Love Me or Leave Me: A Fugue in G-Minor takes us back to Taylor’s inventive side. The story has four sections. Given it’s Taylor, that word ‘fugue’ should scare you. You know he’s going to play. Each section has a different point of view. And each section includes a different style of storytelling. The last section is entirely text messages. The story chases itself around, new voices building from what appears to be a modest opening, that of our guy Garrett trying to identify a strange noise in his house during the “woozy awakening” of the early dawn hours. Garrett is in a relationship with Tess, who doesn’t hear what Garrett hears. Which of course might have a load of implications for the whole relationship, giving Garrett pause when he thinks about how others view them.

“Garrett could see what they might look like from the side, from a distance—the happy couple at breakfast, chatting start of the day, him leaning forward, her leaning back. But seeing them like that, they seemed like strangers to him—the way you get so used to someone that you don’t notice them really, or yourself either. The same way you say a familiar word over and over until suddenly it’s just sound—and a sound you don’t recognize. Or stare at something ordinary until your focus blurs. And those things didn’t seem true anymore.”

“Locked Out” feels like a story that could happen to anyone, one of the most moments when you could lean in and help. Interfere. Interrupt. Or walk on by. “Locked Out,” briskly told, teeters on darkness.
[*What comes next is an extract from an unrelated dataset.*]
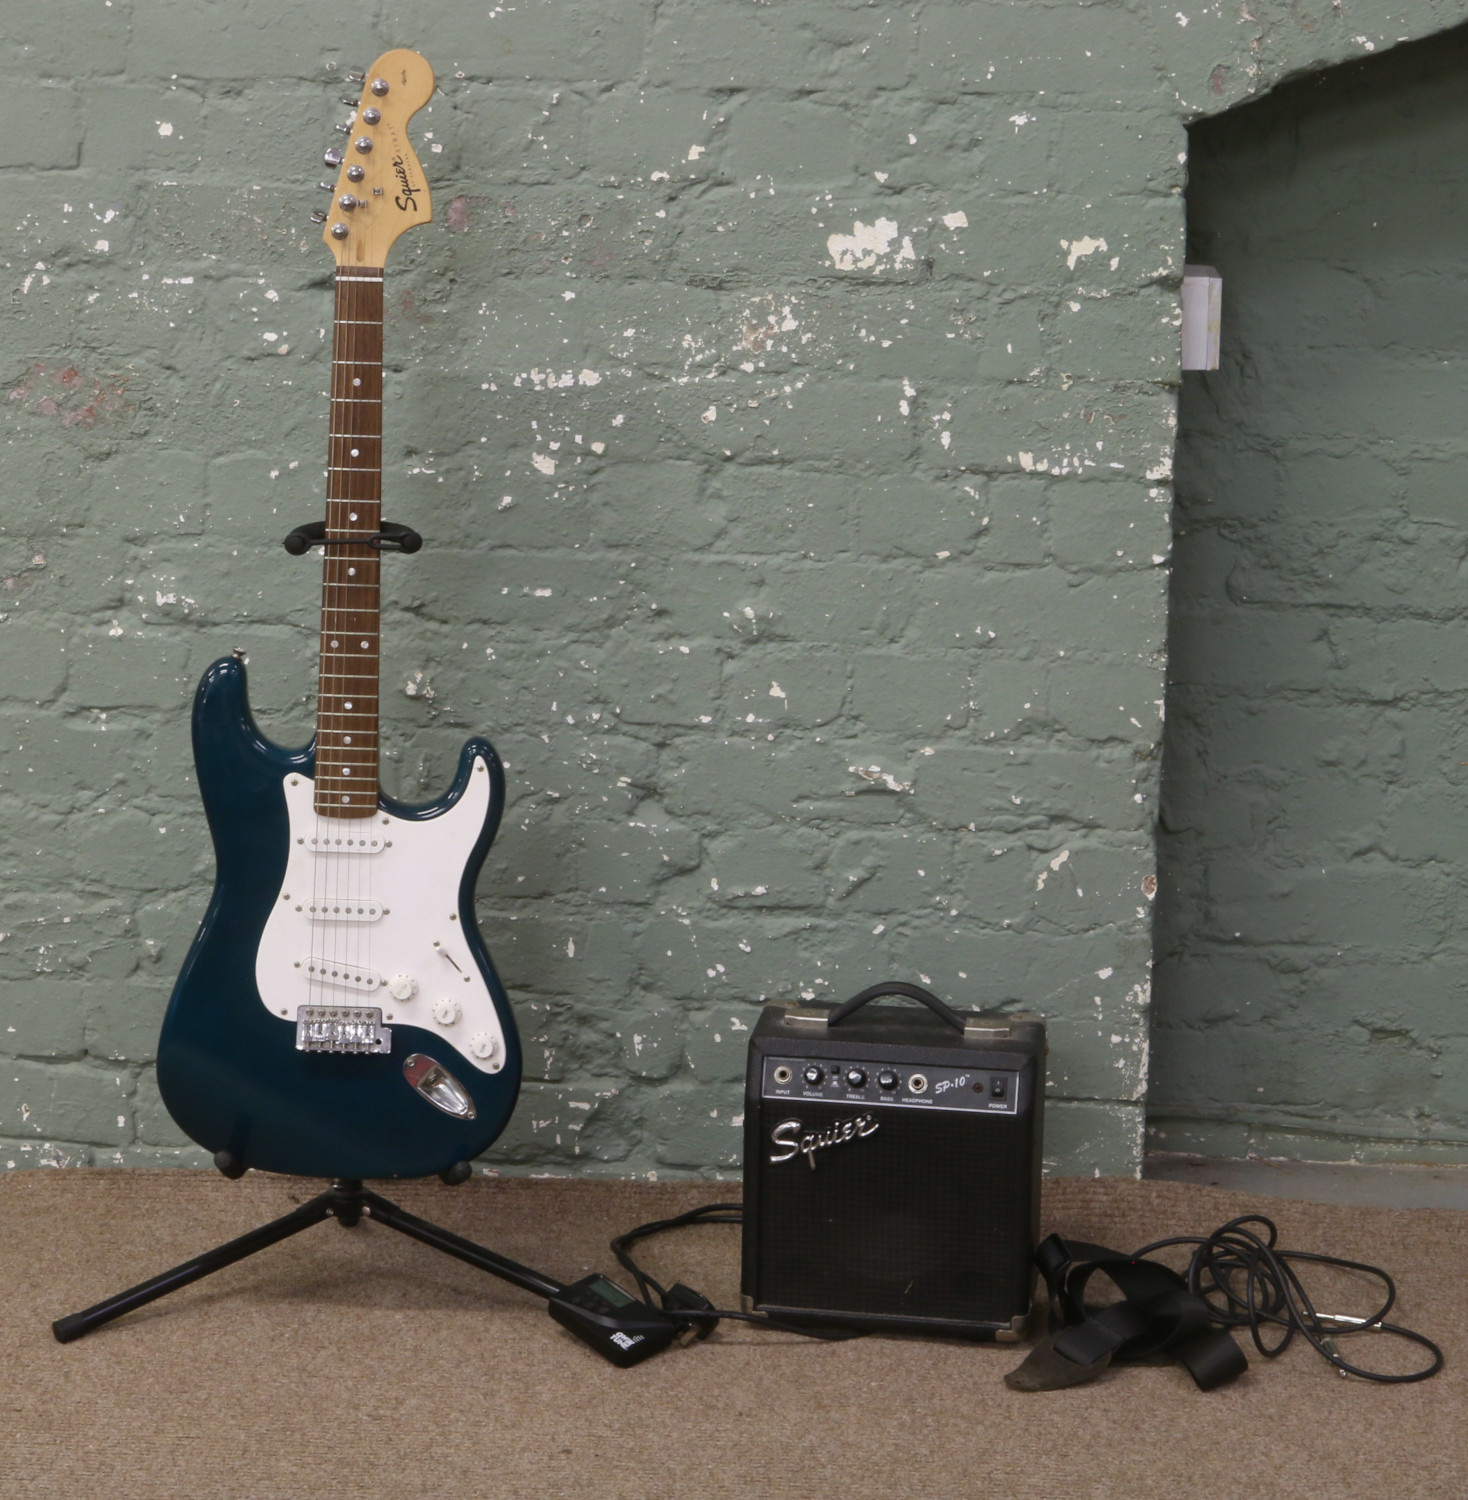 A squire by Fender Stratocaster electric guitar with emerald green body along with a squire SP10

“Blue Plate Special” delves into the supernatural with a detective called to investigate extra-long visits to the men’s room in an unnamed hotel in an unnamed city. As both hotel manager cautions our detective, it’s not what you think. In fact, there’s something peculiar in the fixtures above the sinks.

“Looking up, I saw now that the mirror above it had begun to fog a little, like someone was breathing on it or like the bathroom itself had suddenly heated up, a burst of humidity from a hot faucet maybe except that the faucet wasn’t on. I stood up to wipe it clean and saw then that it wasn’t fog but frost really, icy tendrils of it thickening at the edge of the glass.”

Taylor’s chosen title for this story isn’t bad, but probably because “Through The Looking Glass,” might have been too on the nose.

Watch the unstable Shayla evaluate the state of her relationships in “All Tomorrow’s Parties” or go with Cheryl and her unnamed boyfriend in “The White Rose of Memphis” as they not only stay in a hotel where a creepy murder occurred way back when, they also partake in a reenactment that includes both funny and worrisome moments before heading off, as good stories are wont to do, in a fine twist.